CKNW Editorial
for July 26, 1999

As the time approaches that the disclosure of the evidence in support of the search warrant used at Premier Clark’s home comes closer, it’s time to make sure we can all walk and chew gum at the same time.

To start with, I haven’t the faintest idea what the documents behind these warrants say. If I were to guess, it would have something to do with whether or not Premier Glen Clark paid Dimitrios Pilarinos full measure for work done on his house. But that’s just a guess. It could be anything and it could be something completely innocent as far as the premier is concerned. We’ll all just have to wait and see.

But where it all gets tricky may apply to these writs or not but where it certainly will apply is when Conflicts of Interest Commissioner H.A.D. Oliver makes his report.

The trouble is there are at least three standards by which conflicts of interest are judged.

First, there is the ethical standard, the one I prefer. It says that my law firm, acting for one party, cannot do any work, even through another partner, for someone adverse in interest. That is the standard by which most lawyers when I practiced governed themselves but now big firms of lawyers, accountants, engineers and the like build what they call “Chinese Walls” between their partners and pretend that it’s quite OK for Blatz and Company to act for, say, B.C. Hydro and the Provincial government when their interests may be in conflict, as for example in fights over power rates, or Kemano II and things like that. I understand how complicated the world is these days but to me this is plainly wrong, though the Law Society which can always put on its blinkers when it deems it more comfortable to do so, turns a blind eye to these things, especially when if Blatz and company is a big firm full of QCs and senior lawyers.

Before there was a code, for which Mike Harcourt is to be heartily commended, then Commissioner Ted Hughes found then Premier Bill Vander Zalm guilty of a conflict of interest in his dealings with an offshore billionaire and the president of Petrocan for his own personal affairs.

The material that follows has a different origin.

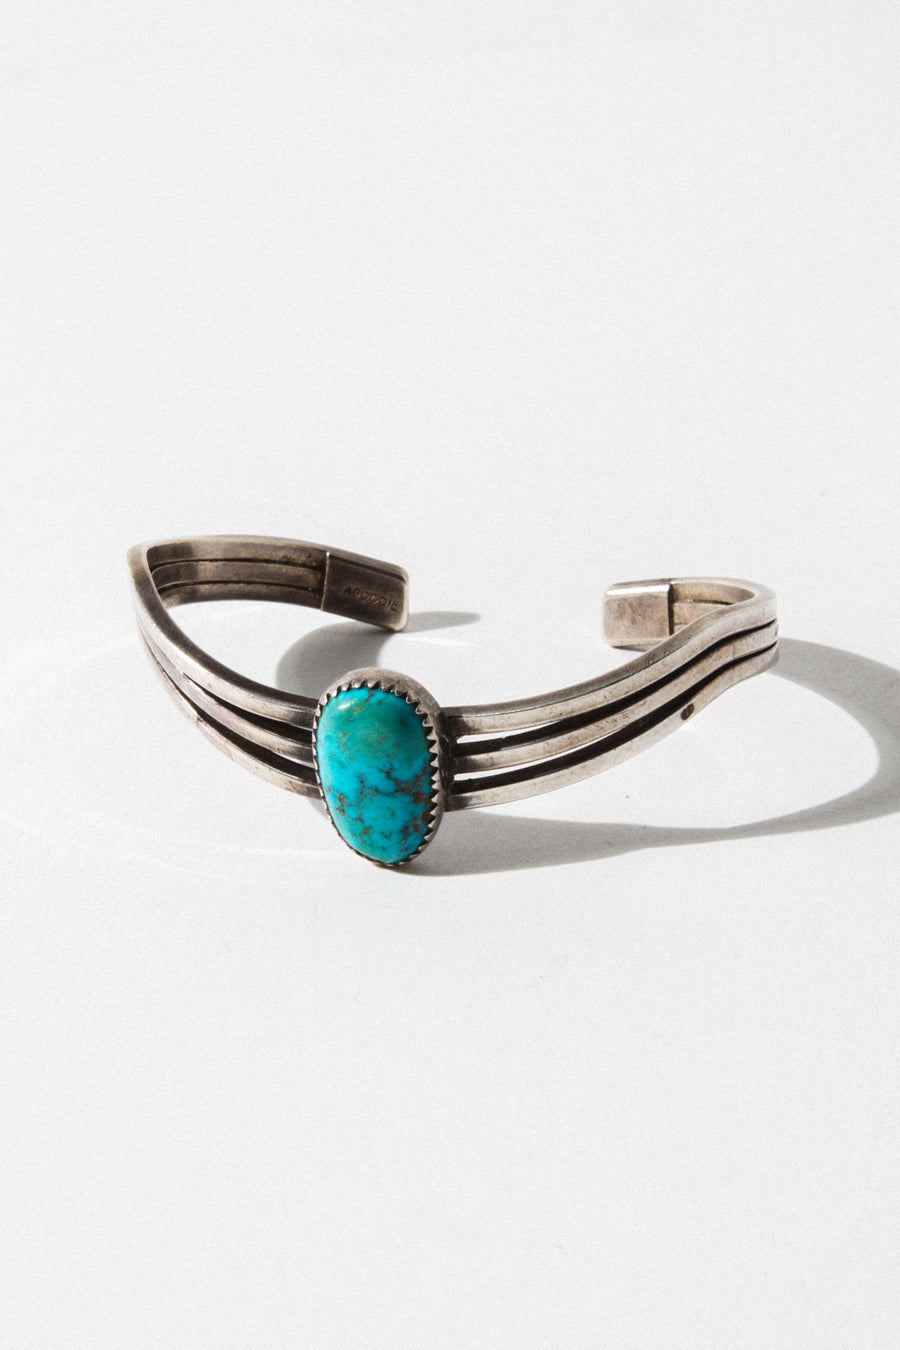 California Dreaming Turquoise Cuff

Then there is the standard set by the legislature in its Conflicts of Interest rules. These are, for want of a better expression, of a more serious nature than those that are merely unethical. They are unethical too, but the test may be a bit higher and it is codified. For all that, the mere appearance of a conflict is sufficient. Premier Mike Harcourt is to be commended for that and it was he who applied that test to Dan Miller who as Forests Minister had some residual right to return to work at a mill for which he had given, along with others, a benefit.

Finally there is the Criminal Code of Canada which sets out conflicts of interest which go beyond the merely ethical or legislative standards into the realm of criminality. The sections involved are complicated and contain many escape hatches. As a broad statement, they talk about conferring a benefit, which leads to the granting of a privilege to the grantor of that privilege.

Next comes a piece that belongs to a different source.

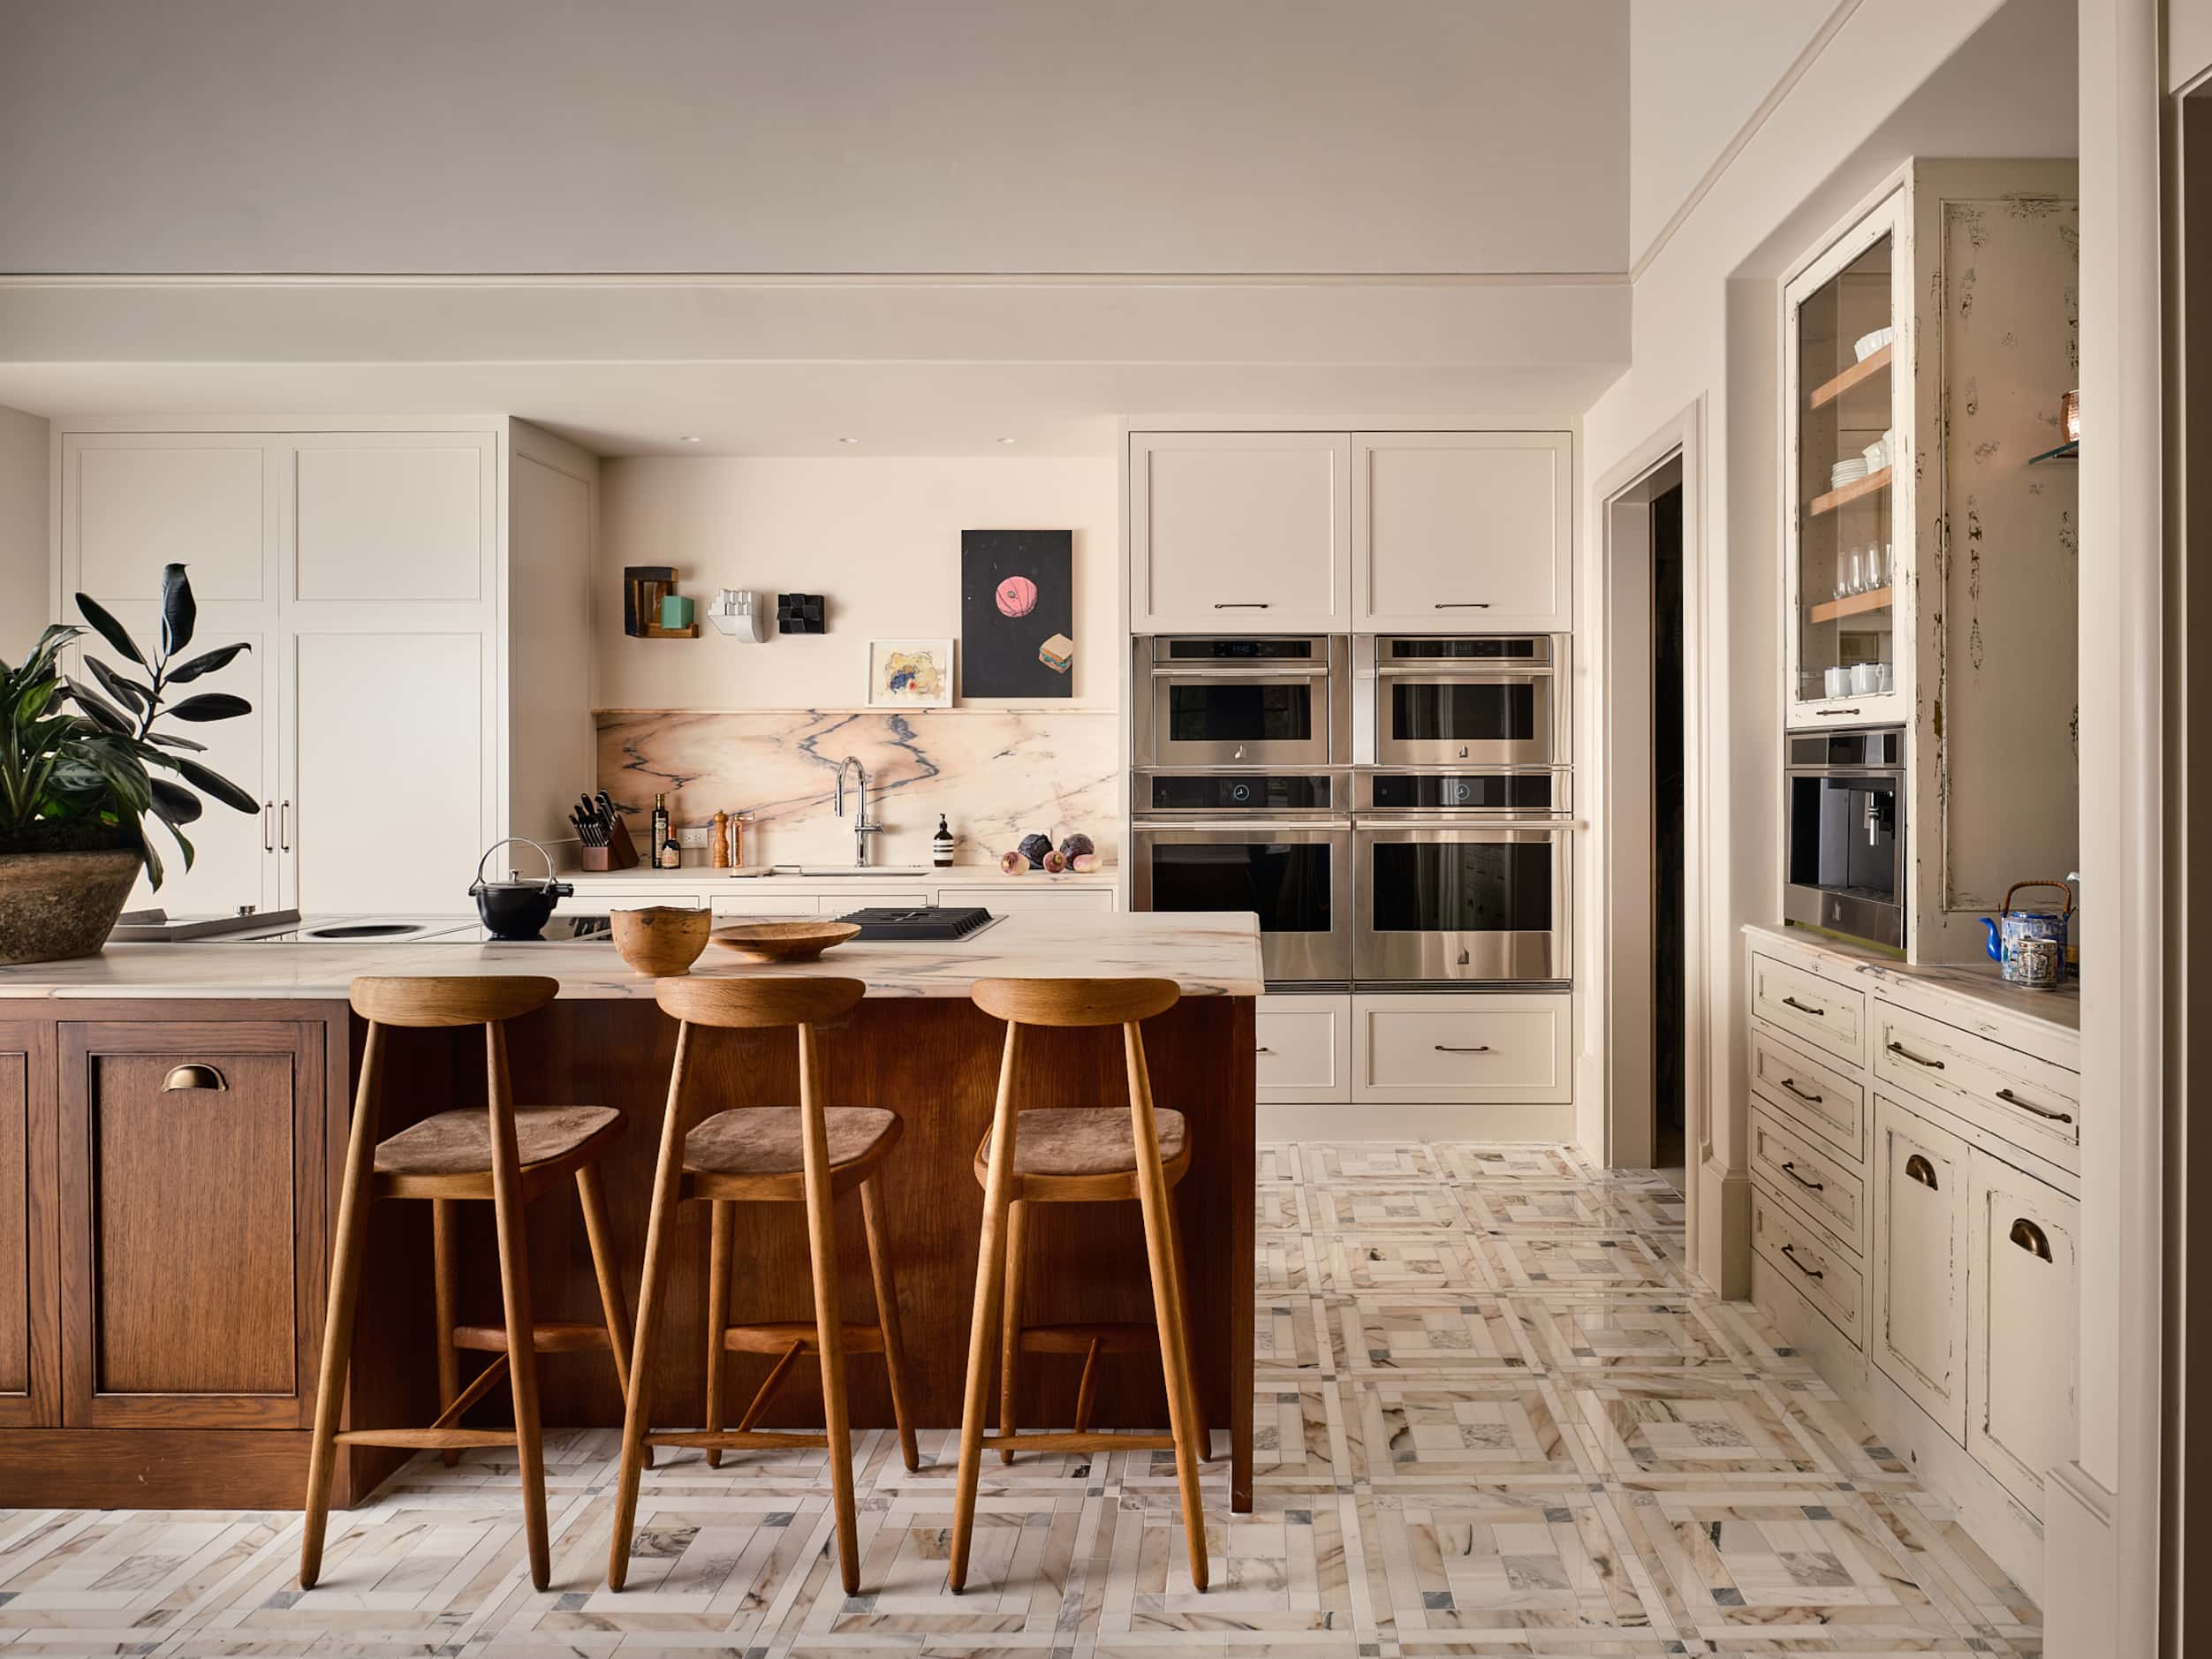 In the show house’s Old European-inspired kitchen designed by Kurt Bielawski of More Design...

Here’s where the walking and chewing gum at the same time comes in.

Bill Vander Zalm was found guilty of a conflict by Commissioner Hughes, was charged with a crime and later acquitted. Even though he crowed that his acquittal in court exonerated him he was no less guilty of a conflict because the standards are very different. Under the criminal code not only must there be the conflict, there must be a reward for the person who granted the benefit and it must be shown, beyond a reasonable doubt, that the reward led to the prize.

The facts in the Clark case are not yet known. Judging by the questions put, and the strange weasel worded answers given by Mt Clark and his high priced at public expense lawyer, I think we can say that Dimitrios Pilarinos, an applicant for a gaming license did work on the Premier’s home and did not charge him the labour and did similar work without charge on the Premier’s summer cottage. It also seems evident on the timeline that Mr Pilarinos work was done at a time he had a gaming licence application before cabinet.

That certainly breaches the ethical line I spoke of first. I find it most difficult to imagine how it does not violate the legislature’s conflict rules especially if the standard is that there must not even be the appearance of a conflict.

Whether the Premier’s conduct, if proved to be as I suspect it to be, violates the Criminal Code of Canada I can offer no opinion on save to say this – and this is the crux of it – a breach of conflict of interest ethics and written rules can be blatant and sufficiently serious to require a resignation without it being contrary to the Criminal Code of Canada. That is the Vander Zalm case and it may well prove to be the Glen Clark case as well.

In short Glen Clark, in order to be guilty of a conflict of interest, need not be found guilty under the Criminal Code and indeed could even be acquitted, but must be in breach of the guidelines set down by the legislature, a determination that will be made by Mr Oliver.